Leaving out the pictures, write out exactly each line from the line with "Architect professional liability" through the close of the listing below.
===== INPUT DATA
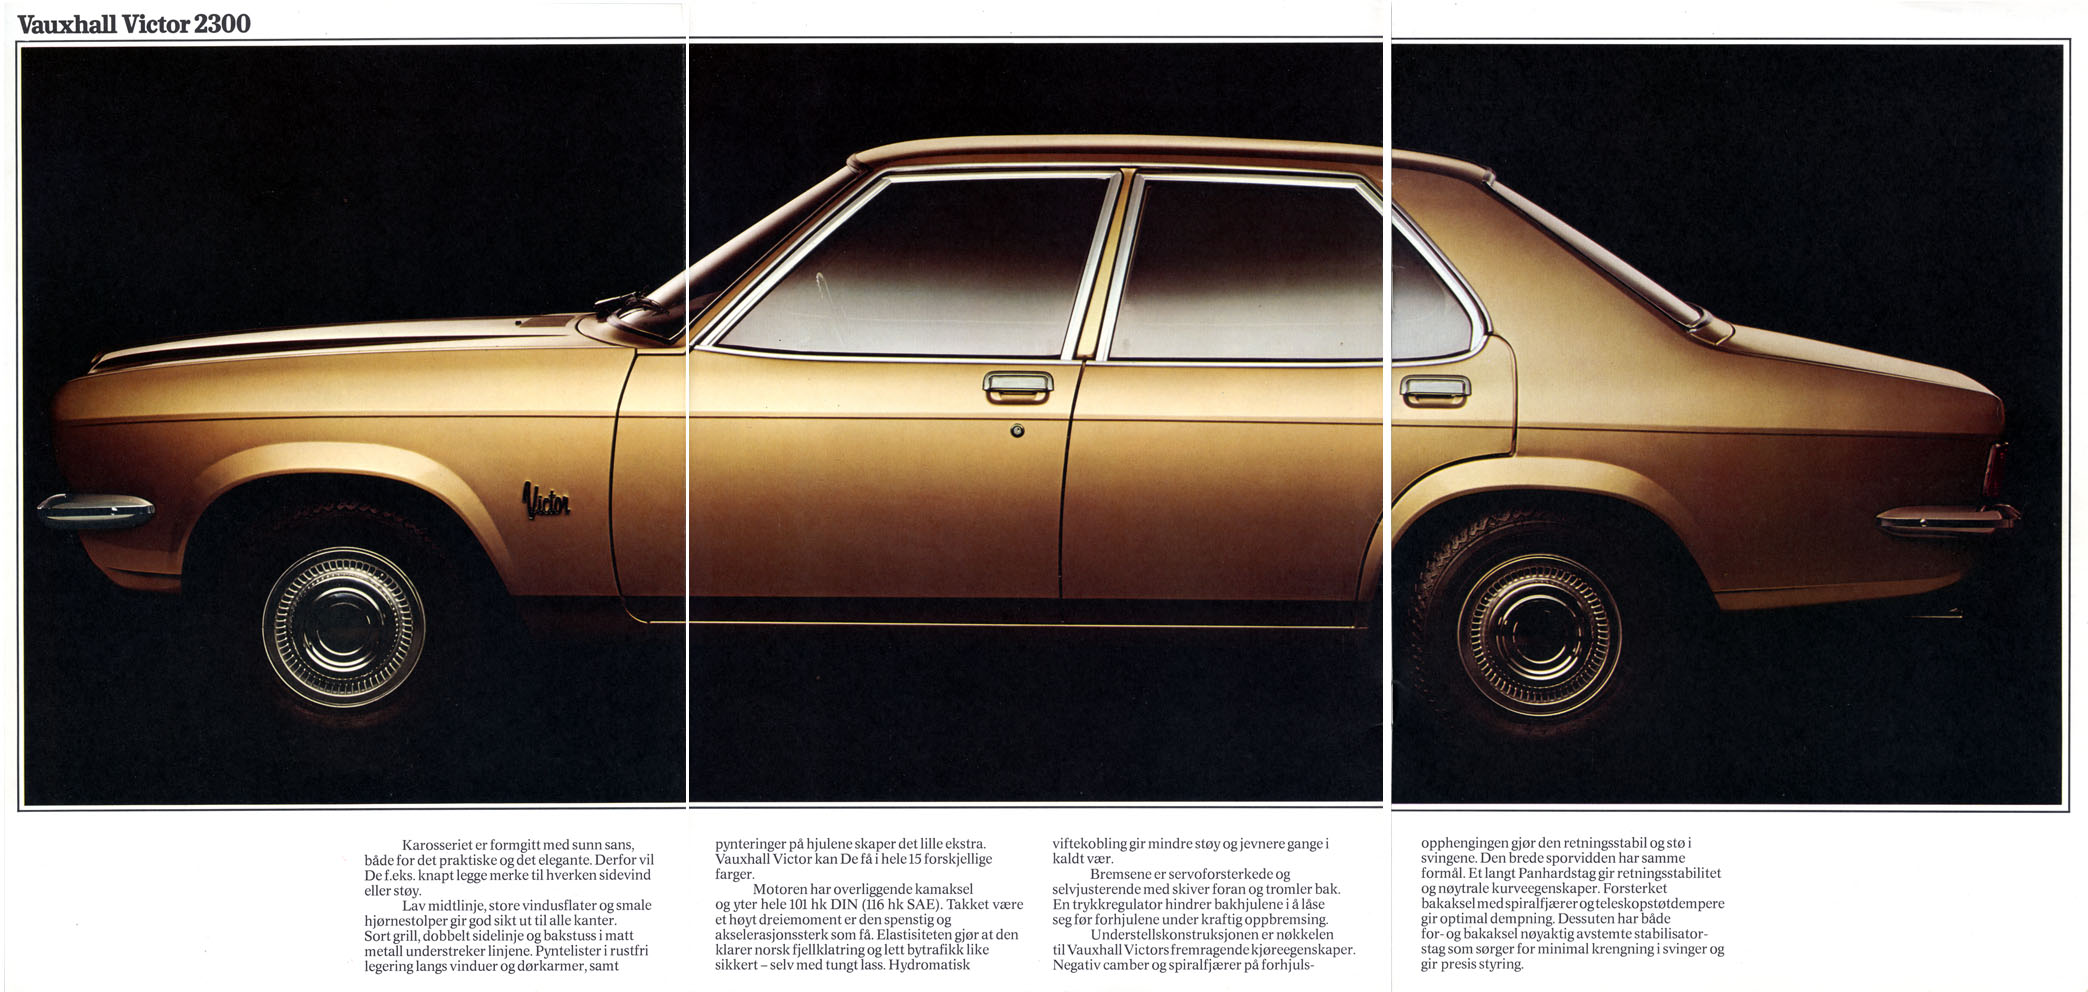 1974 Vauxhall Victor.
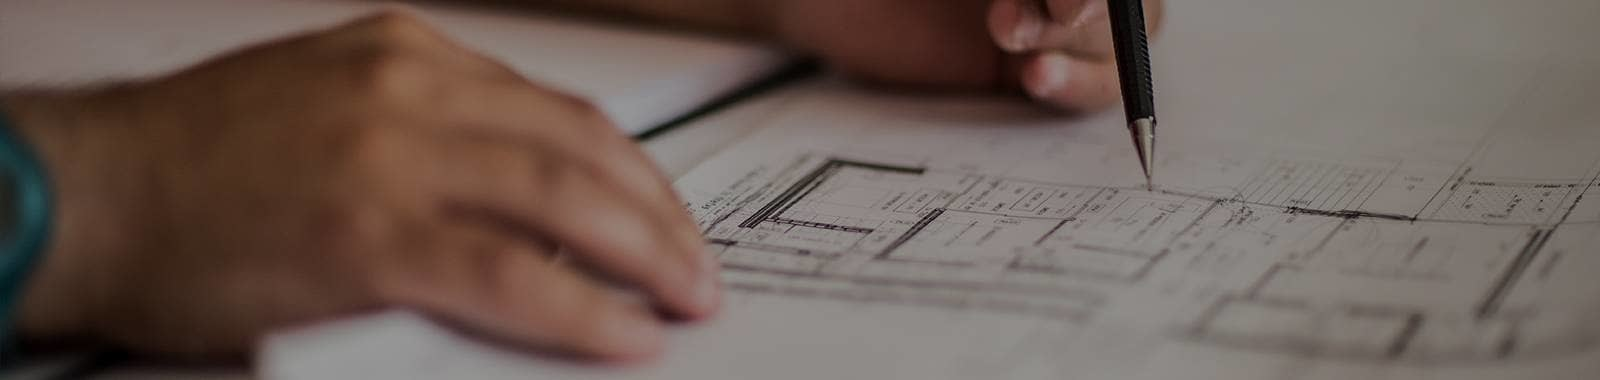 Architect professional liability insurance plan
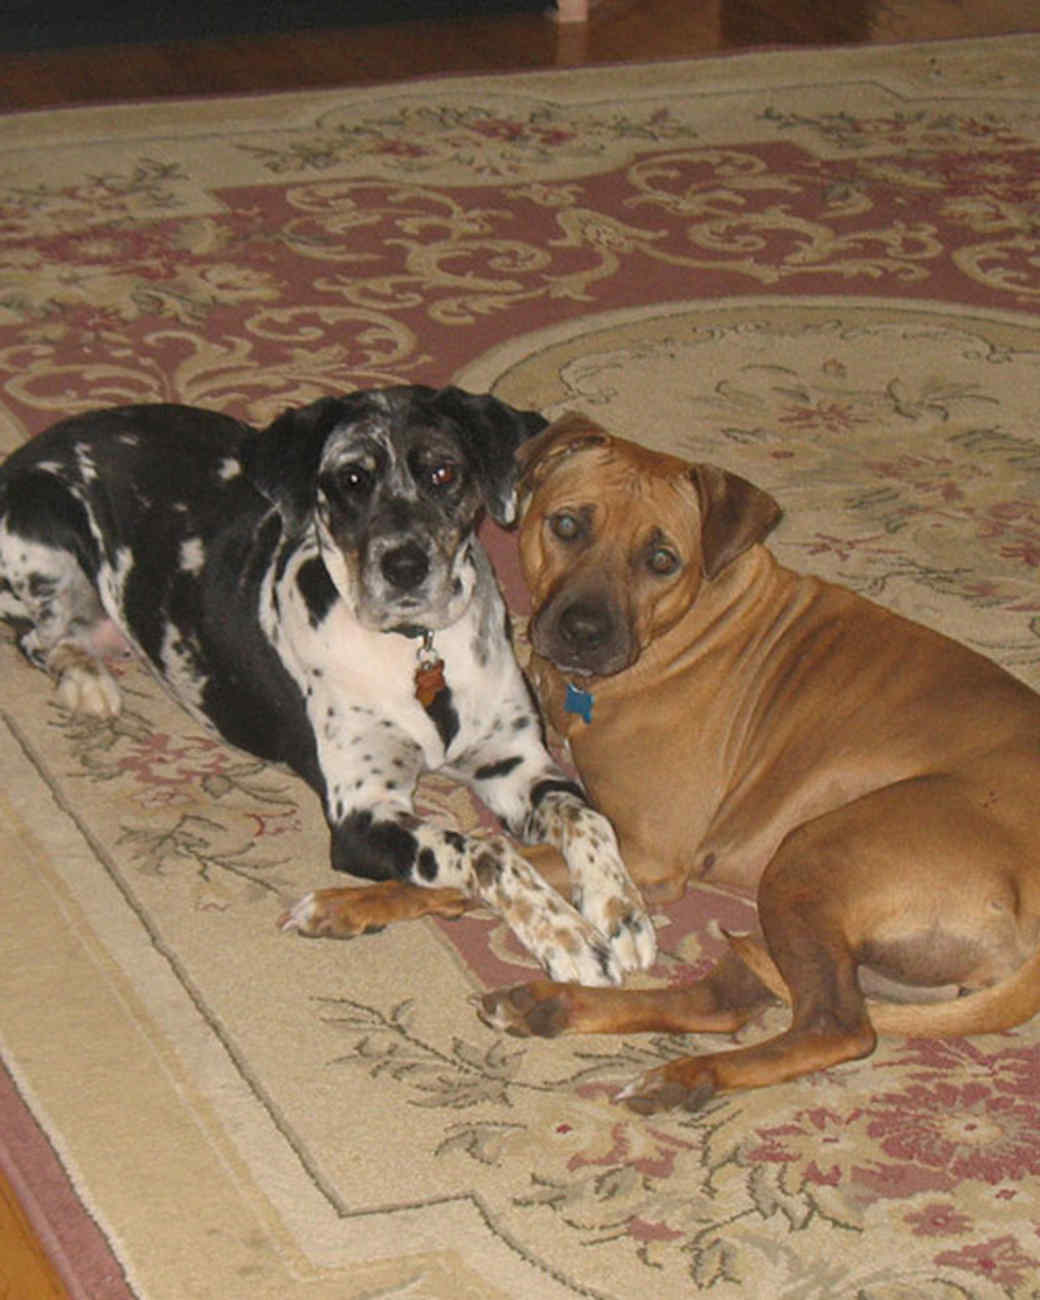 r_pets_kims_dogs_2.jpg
==========
## WRITTEN ANSWER
 Architect professional liability insurance plan
 r_pets_kims_dogs_2.jpg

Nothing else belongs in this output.